We relish news of our heroes, forgetting that we are extraordinary to somebody too. – Helen Hayes
|Photo: Andy2boyz, Flickr ccl|
This is the fourth instalment of the barbecue season essentials. In previous posts I have posted recipes for chipotle ketchup, dijon and Oktoberfest mustards, and mayonnaise. So this recipe completes the "set." I don’t know about you, but my favourite combo for both burgers and hot dogs is onions, mayo and relish. Maybe cheese too, if I'm feeling adventurous... So having relish is a necessity for me.

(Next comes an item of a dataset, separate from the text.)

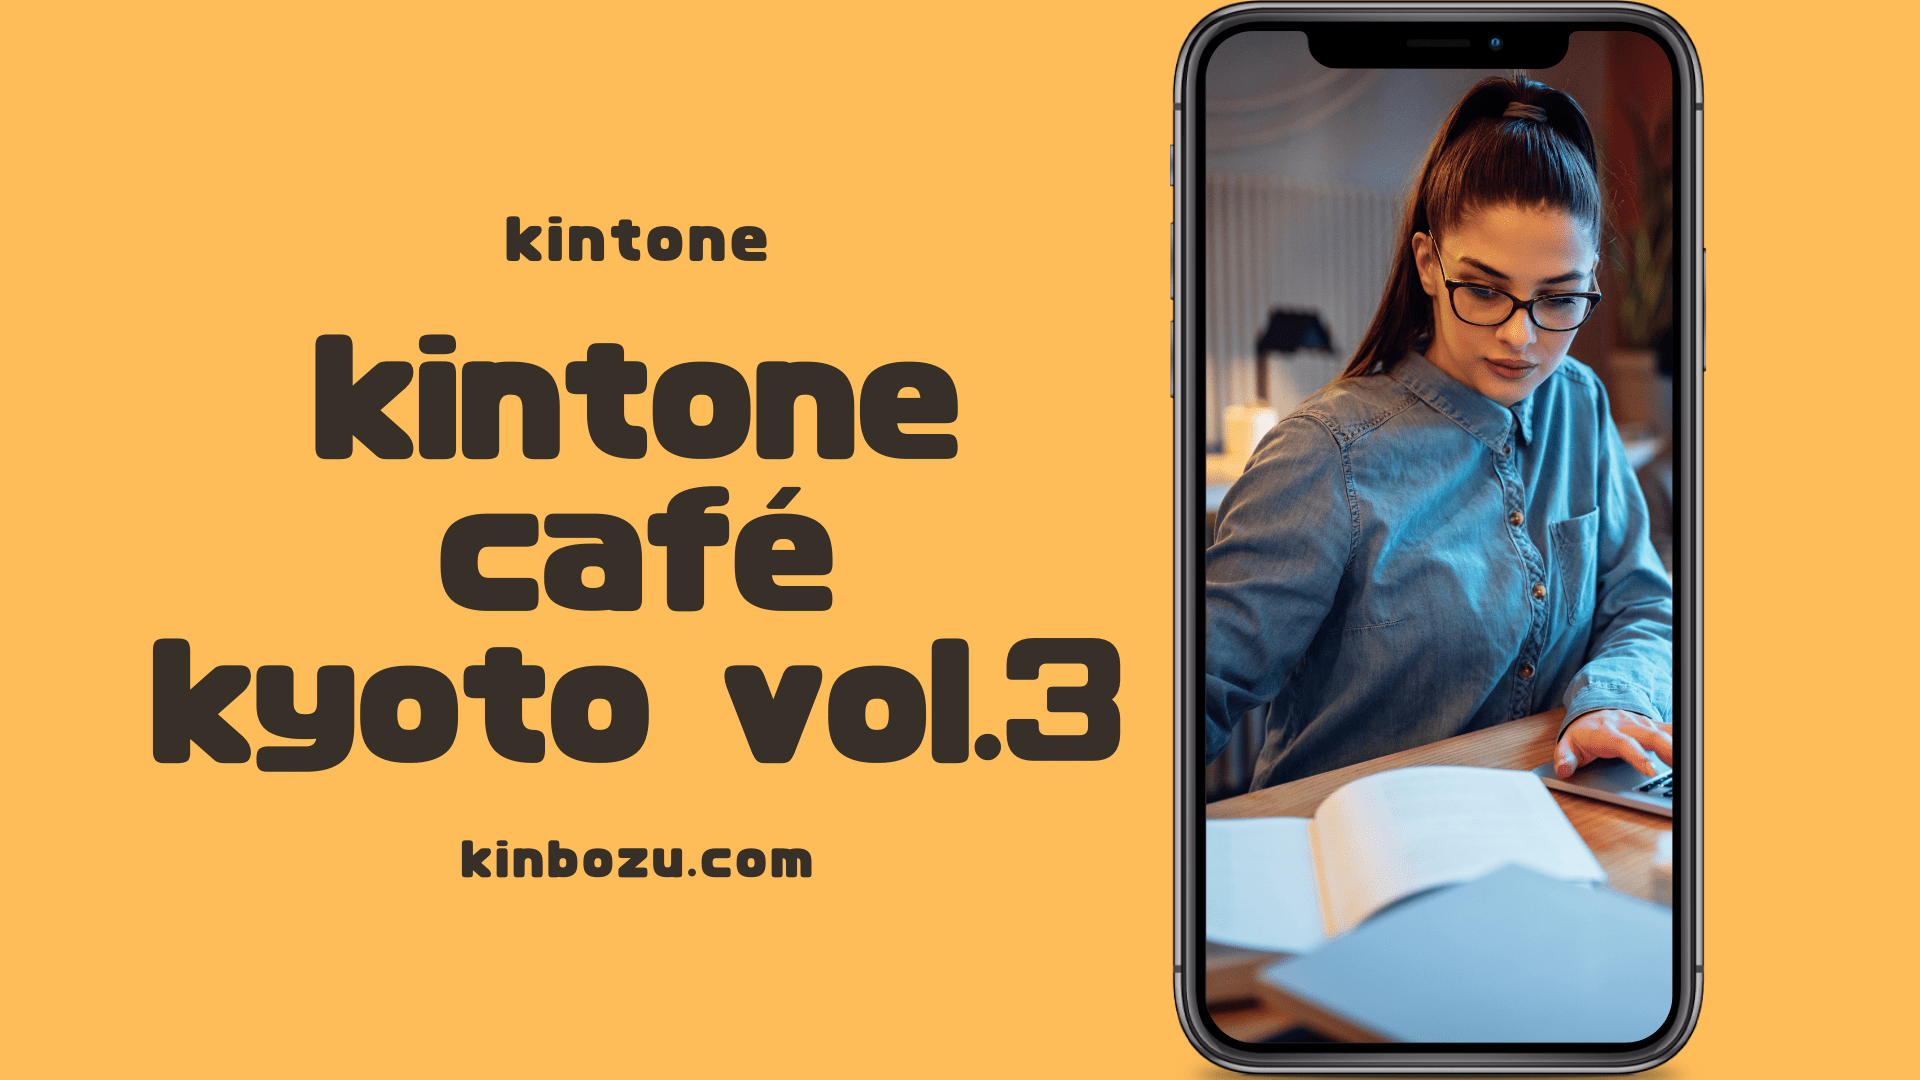 kintonecafekyoto Vol.3

|This is the liquid that came|
from the vegetables.
The word "relish" first appeared in printed English usage in 1798 and comes from the word "reles" which in Old French means "something remaining". The “remaining” vegetables at the end of their growing season were preserved for storage in the winter months by curing and pickling. Hence the name “relish.”
In English, relish is defined as a highly flavoured condiment which uses vinegar and sugar as preservative. Chutney, piccallilli and chow-chow all fall under the umbrella of “relish.”
So here’s my relish, the fourth of your staples to have on the picnic table. Relish is a bit of a particular taste as different recipes have different tastes. For me it has to be tart yet sweet, firm and green. If it fails on any of those counts it won’t stay in my fridge.
Homemade relish is notoriously pale. That is because most recipes require the cucumber to be peeled. The reason is that the peel is tough compared to the flesh. This recipe uses an English cucumber because I find them firmer than the usual local garden cucumbers which helps keep their shape after cooking.
If you wish, feel free to just wash the cucumber thoroughly and then chop with skin on. I didn't want to take the chance of tough skin so I peeled mine, and substituted 2 drops of green food colouring. It is very close to the colour of "brand name" relish. You can probably even fool the kids.
|Cooking in the vinegar, sugar and spices.|
An important step to not leave out is the squeezing of the vegetables after they have been leached of their liquid with the salt. Be merciless. You’re taking as much water out as you can so the vinegar, sugar and spices will be absorbed back in while cooking.
If you don’t your relish will end up being runny, and who likes runny relish?
Sweet & Spicy Green Hot Dog Relish
1 English cucumber, peeled and seeded
3/4 medium onion
1 rib of celery
1/2 large green pepper
1/2 jalapeno, seeded and white ribs removed
1-1/2 tsp salt
1/3 cup white vinegar
2/3 cup sugar
1 tsp pickling spice, ground
2 drops green food colouring (optional)
Cut all the vegetables into medium sized chunks. Place the celery and onion in a food processor and chop until the desired size. Err on the small side since this is for relish, but use your common sense. You don’t want it puréed. Repeat with the peppers and then the cucumber.
Combine all the chopped vegetables in a non-reactive (glass or ceramic) bowl. Add the salt, toss well, and let sit for 2 hours. You can put a bowl or plate on top to help press out the liquid.
Place the mixture in a sieve to drain. Squeeze the mixture to extract as much liquid as possible. I removed over 1 cup from my vegetables. (See photo above.)
Bring the vinegar, sugar and pickling spice to a boil in a large saucepan. Add the vegetables and simmer for 10 minutes. Add the green food colouring if your vegetables are too pale for your liking. Two drops of green made the mixture very close in colour to store purchased relish.
Pour into a jar and process in a hot water bath for 10 minutes. Let cool on the counter until the canning top pops down to prove your airtight seal.
Makes a scant 1 pint. The recipe can be scaled up to larger quantities.